Most contemporary artworks are scams.

Selling a freaking banana duct taped to a wall for $120k USD is a scam.

Post modern philosophy being fused to art is a scam*.

The academisation of art is a scam**.


*I rant about this all in my post Why I Hate Most Contemporary Art. It's kind of a wanky piece that needs a desperate rewrite, but until then it's a badly written but honest opinion on why I think the modern art space is masturbatory and empty.


**If you are ever forced to create an artwork that needs to be justified by some bullshit dissertation about geo-political forces on the human condition or how capitalism is ruining everything, sorry your art degree sucks.


Ok, now I want to talk about the part of NFTs that no one is talking about, but is super exciting.


HOW NFTs COULD REVOLUTIONISE THE OWNERSHIP OF NON-ART ASSETS


With NFTs we have the potential to tokenise anything.


Remember, with NFTs you are not just buying an asset, you are buying the ownership of the asset. This is a special way of buying ownership because it is solidified as a public record on a blockchain. Why is this important? This record is virtually impossible to corrupt.


There are potential implications for this. At best, it could revolutionise the way we purchase major assets.

REAL ESTATE


One of the major possible asset is the tokenisation of real estate. At the core of buying a house, is a transaction between two parties - the buyer and the seller. However we hire middlemen to help us in this transaction, such as lawyers, real estate agents, banks, and brokers. What if we could remove the middlemen? What if we could replace all of that with a self-executing smart contract?

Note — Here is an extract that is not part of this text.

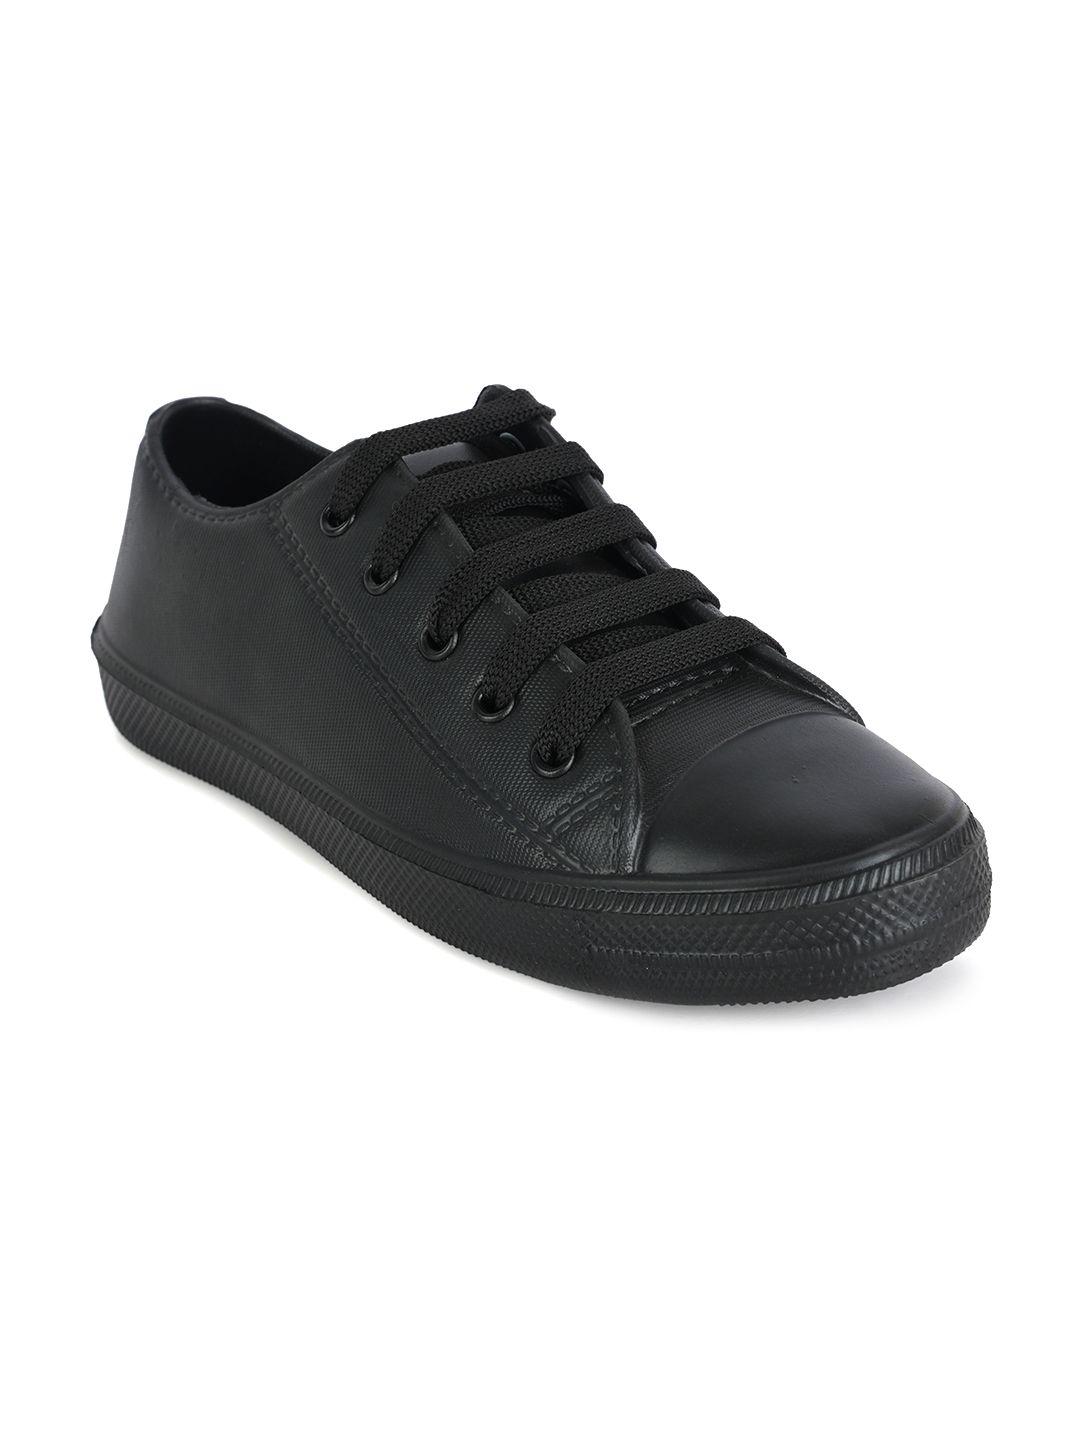 action plus unisex lace up round toe sneakers

NFTs could digitise the entire process of buying a house. This can be done by tokenising and quantifying real estate records such as land titles and property registration.


While I haven’t seen any legit real estate transaction so far, here is a guy trying to sell his house as an NFT. Again, It is worth noting that as of today, 3rd May 2021, there are 0 bids on it.


OTHER


Here is another example of non-art NFTs - Couple exchanges NFT rings during Wedding Ceremony


NFTs could also have potential utility in identity management, collectibles, supply chain audits, in-game items.


As you can see by now, the big benefit of NFTs is that it is able to remove superfluous third party intermediaries by replacing them with immutable code and smart contracts. This is only possible with the distributed decentralised technology behind blockchain - I explain everything in my blog https://www.karililt.com/post/how-ethereum-solves-the-social-media-problem if you want to learn about it (scroll down to the heading "What is Blockchain?” I explain everything in depth, including wtf a smart contract is.) Only recently I have discovered non-blockchain distributed technologies such as holochain... which seems to have potential... but I do not know enough to say anything certain at this point.


Of course, we shall see how everything unfolds in the next few years. Technology grows exponentially, so barring an extreme Black Swan event, we shall expect to see crypto explode within the next 5 years, for better or worse :)))).